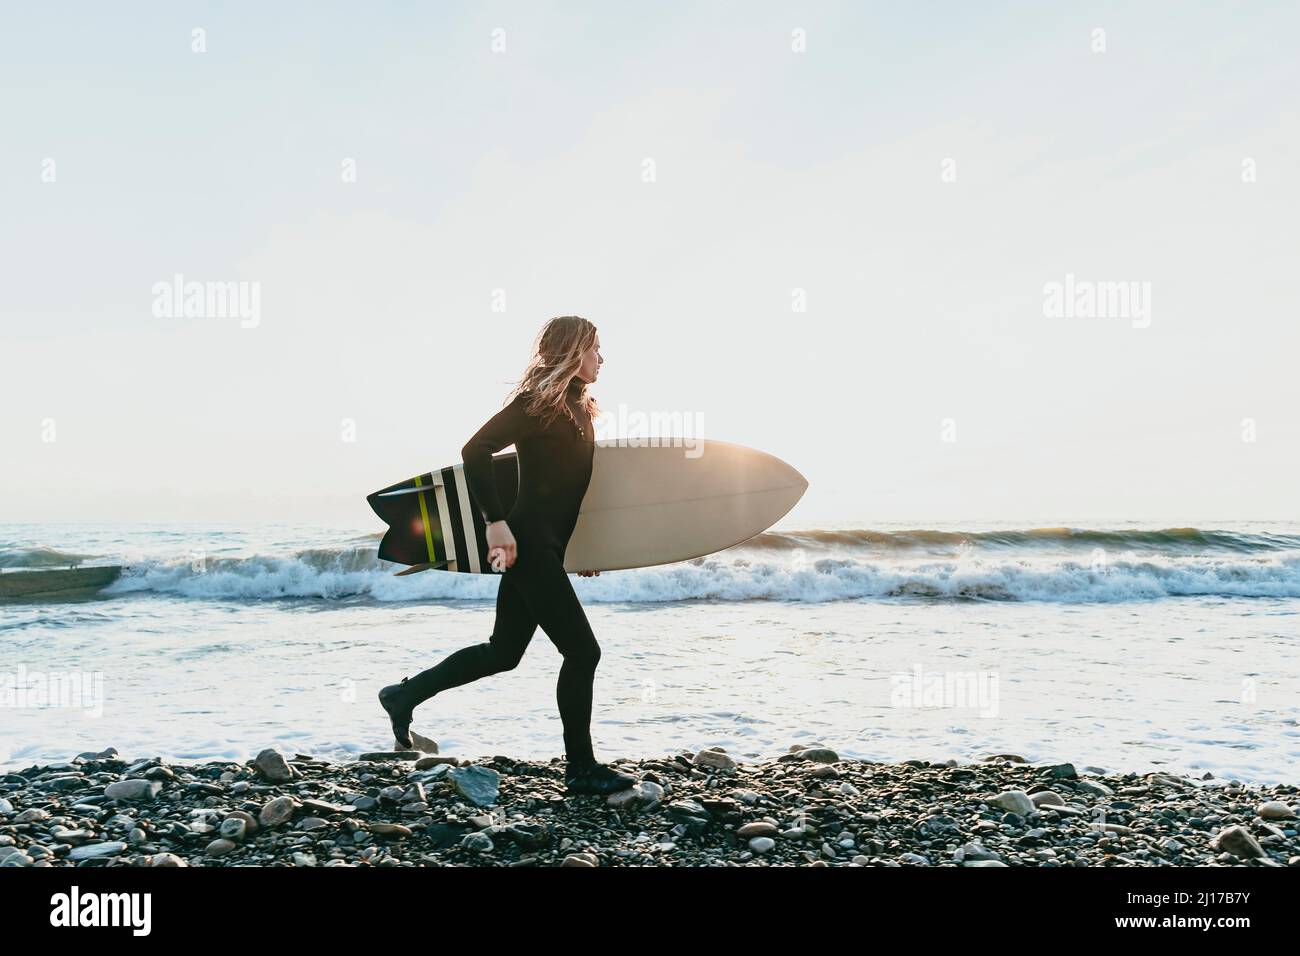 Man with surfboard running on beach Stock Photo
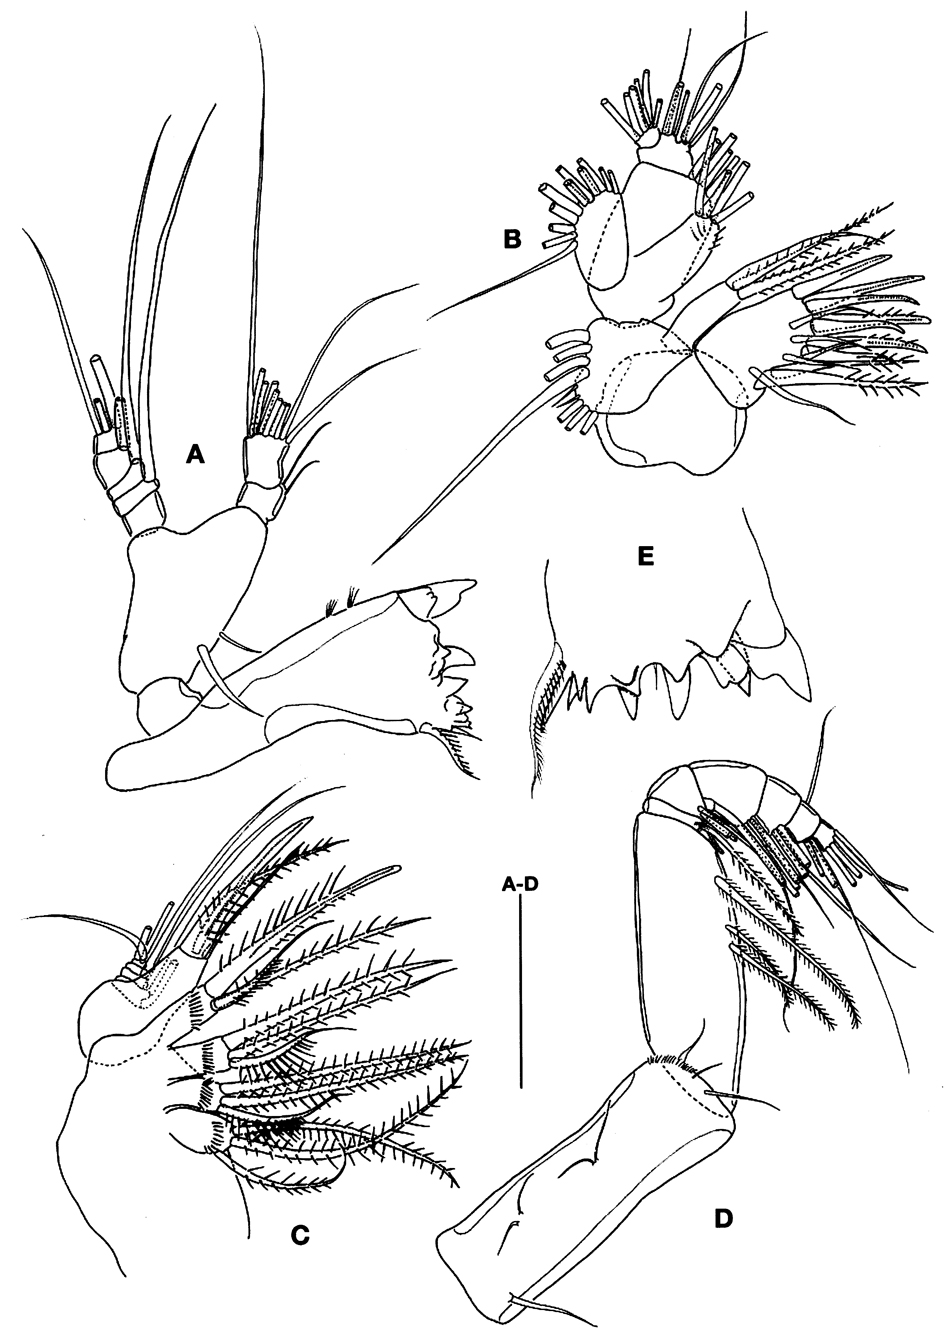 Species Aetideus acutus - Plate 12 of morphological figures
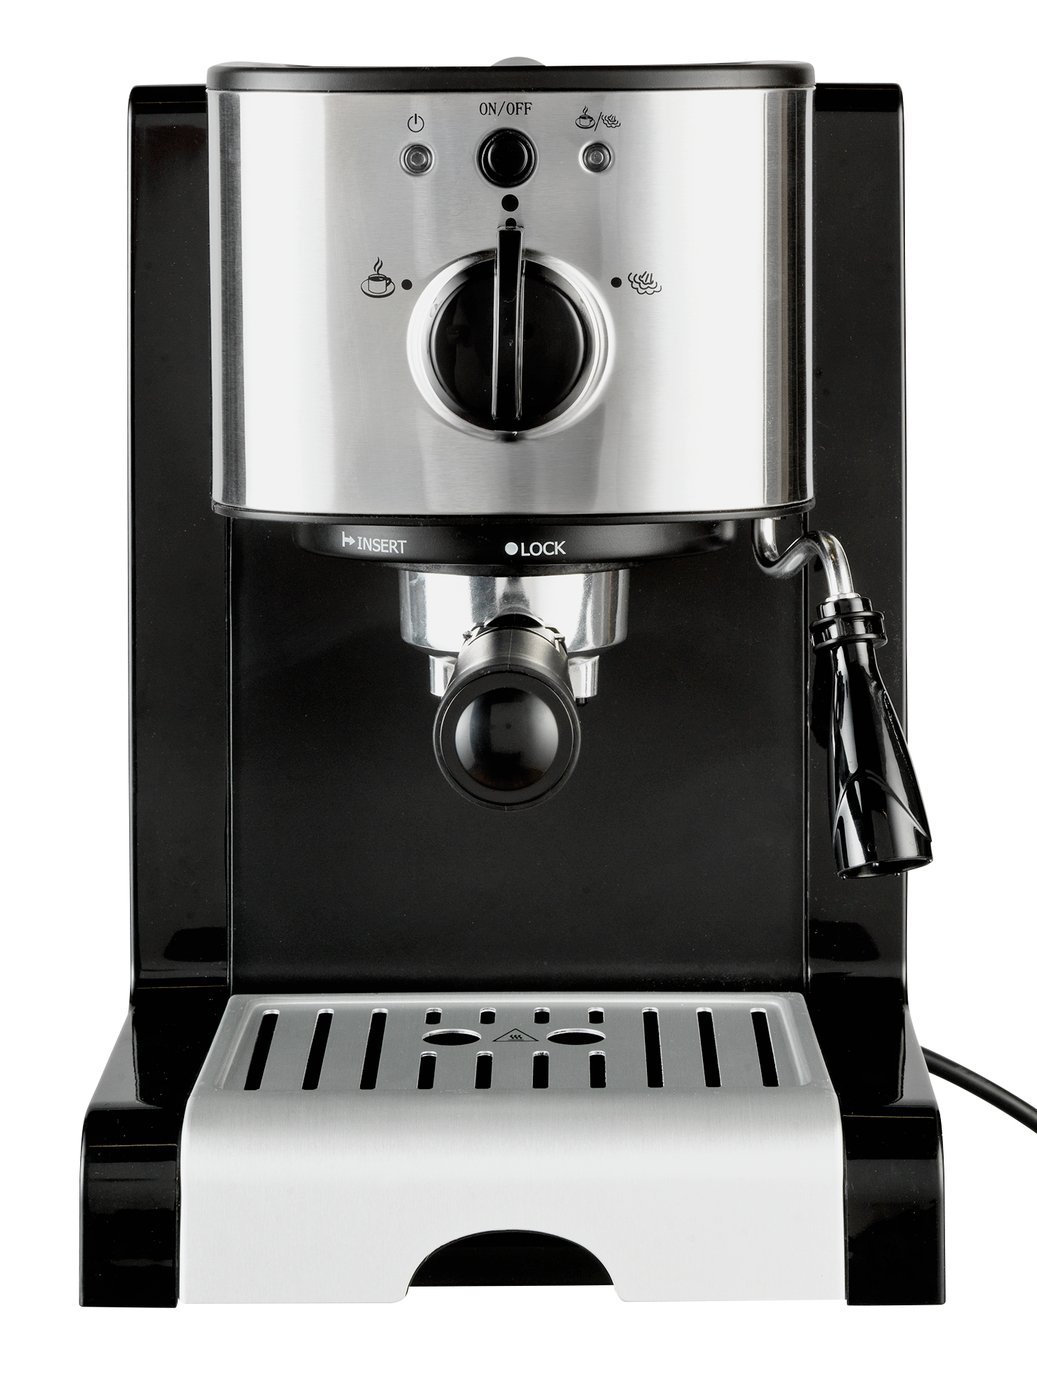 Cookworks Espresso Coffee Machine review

→ Exercise
Exact repetition of the data is needed, with no images retained.

→ Solved exercise
 Man with surfboard running on beach Stock Photo
 Species Aetideus acutus - Plate 12 of morphological figures
 Cookworks Espresso Coffee Machine review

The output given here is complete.